(THE PROBLEM) Each line from the one with "TOPSHOP Sequin Strappy" through the last line of the material is to be printed exactly; no other line and no picture belongs in the copy.

(PROVIDED MATERIAL)
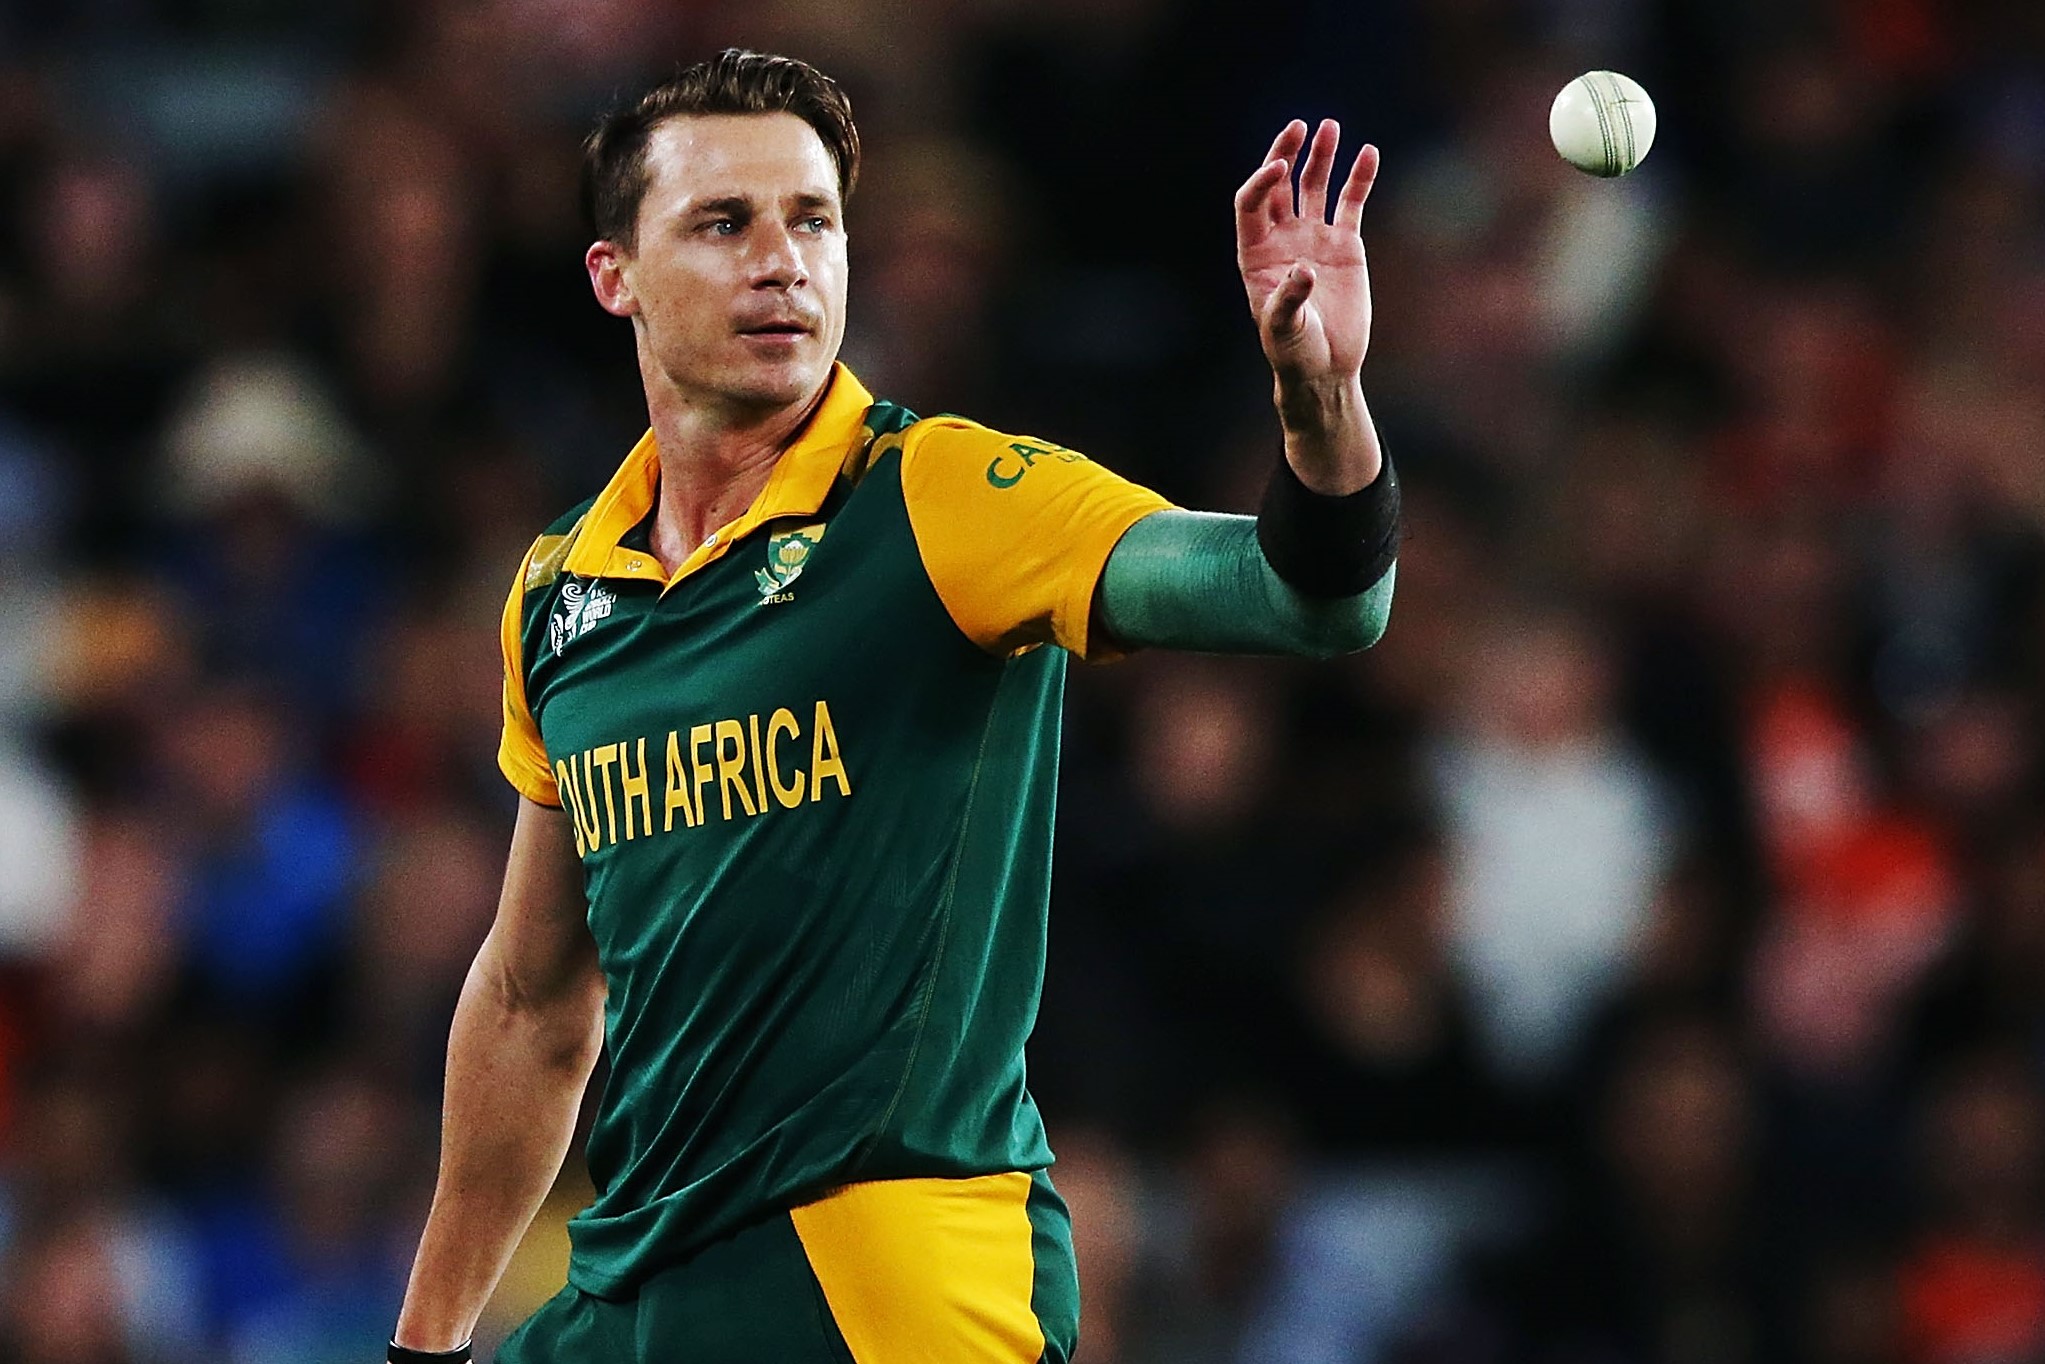 Dale Steyn - Most Successful South African Cricketers of All Time
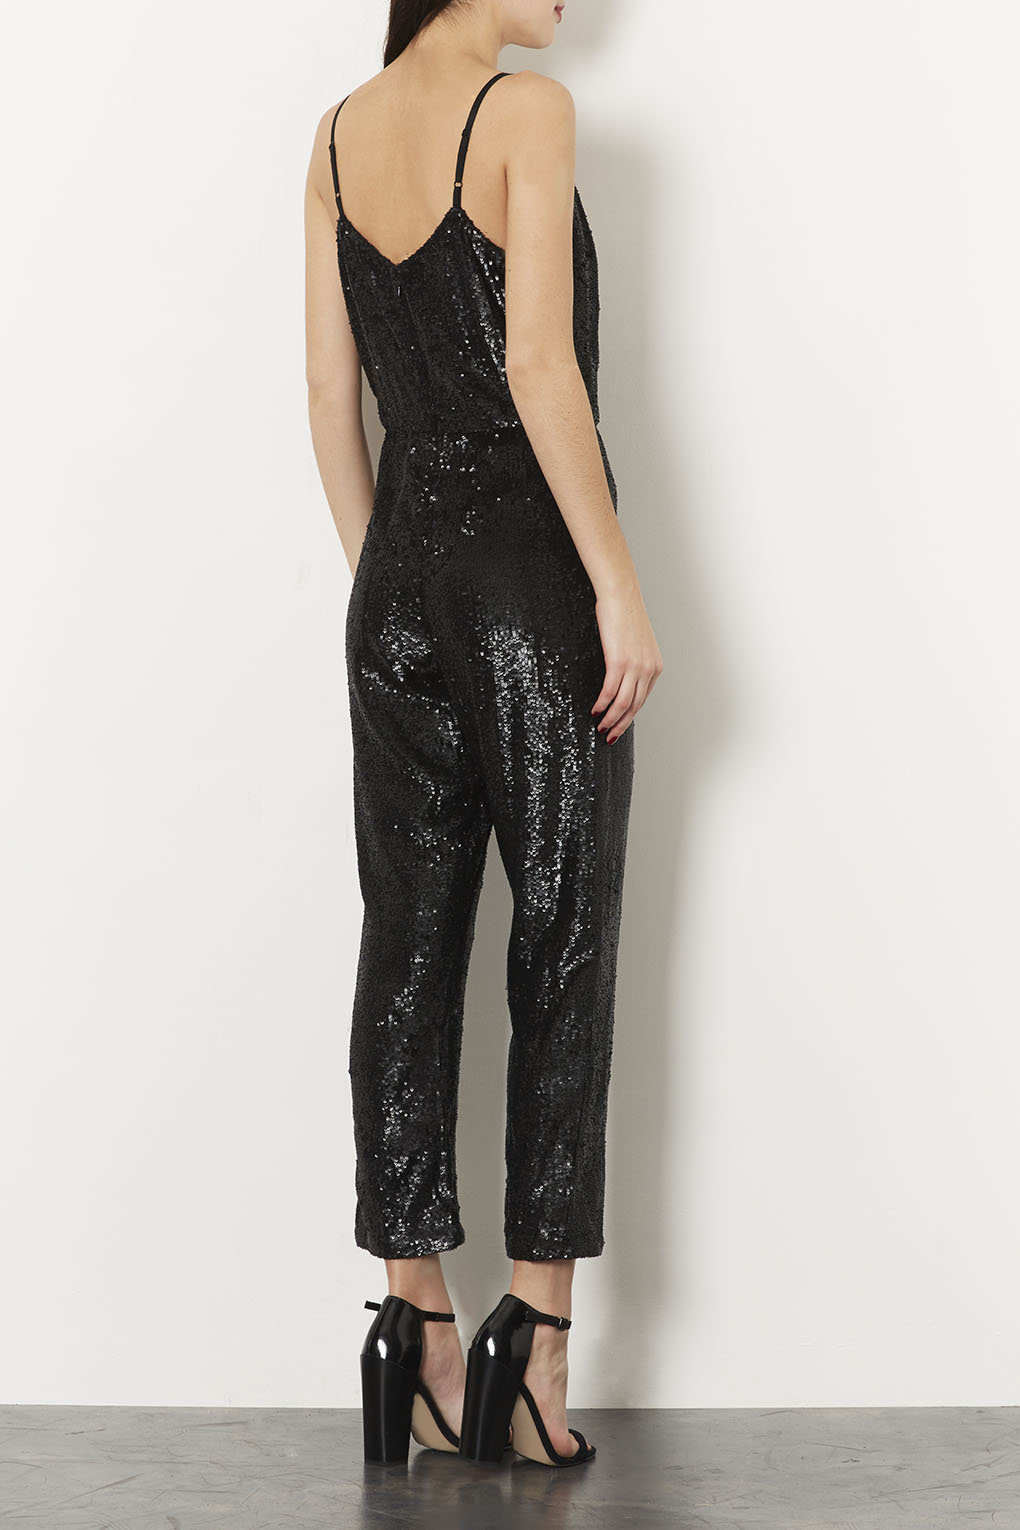 TOPSHOP Sequin Strappy Jumpsuit in Black - Lyst
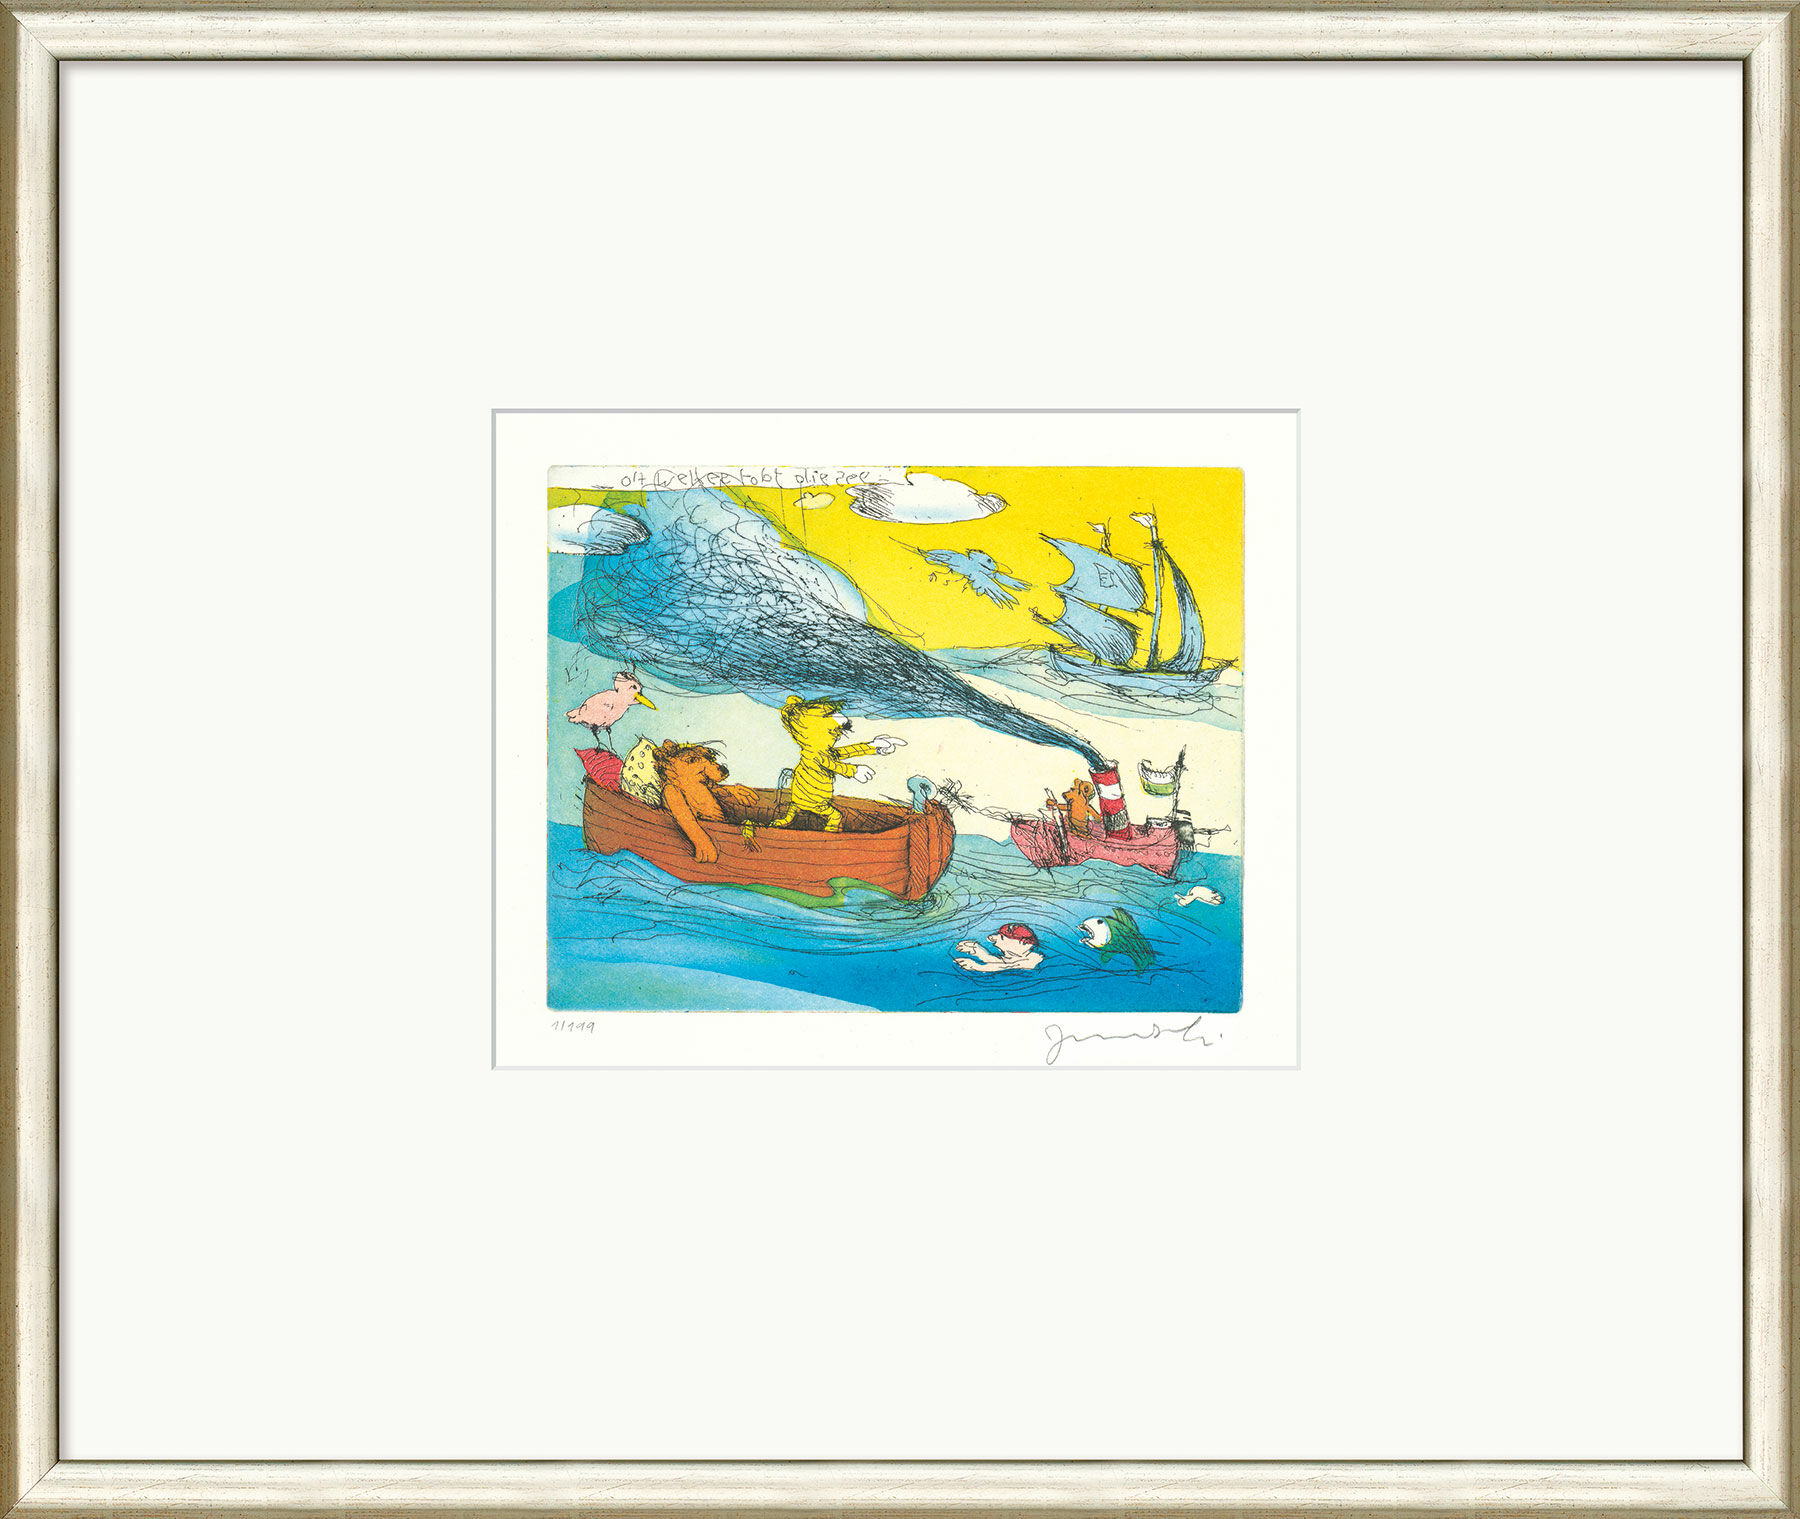 Picture "Oh Dear, the Sea is Raging", framed by Janosch

(THE COMPLETED TASK)
 TOPSHOP Sequin Strappy Jumpsuit in Black - Lyst
 Picture "Oh Dear, the Sea is Raging", framed by Janosch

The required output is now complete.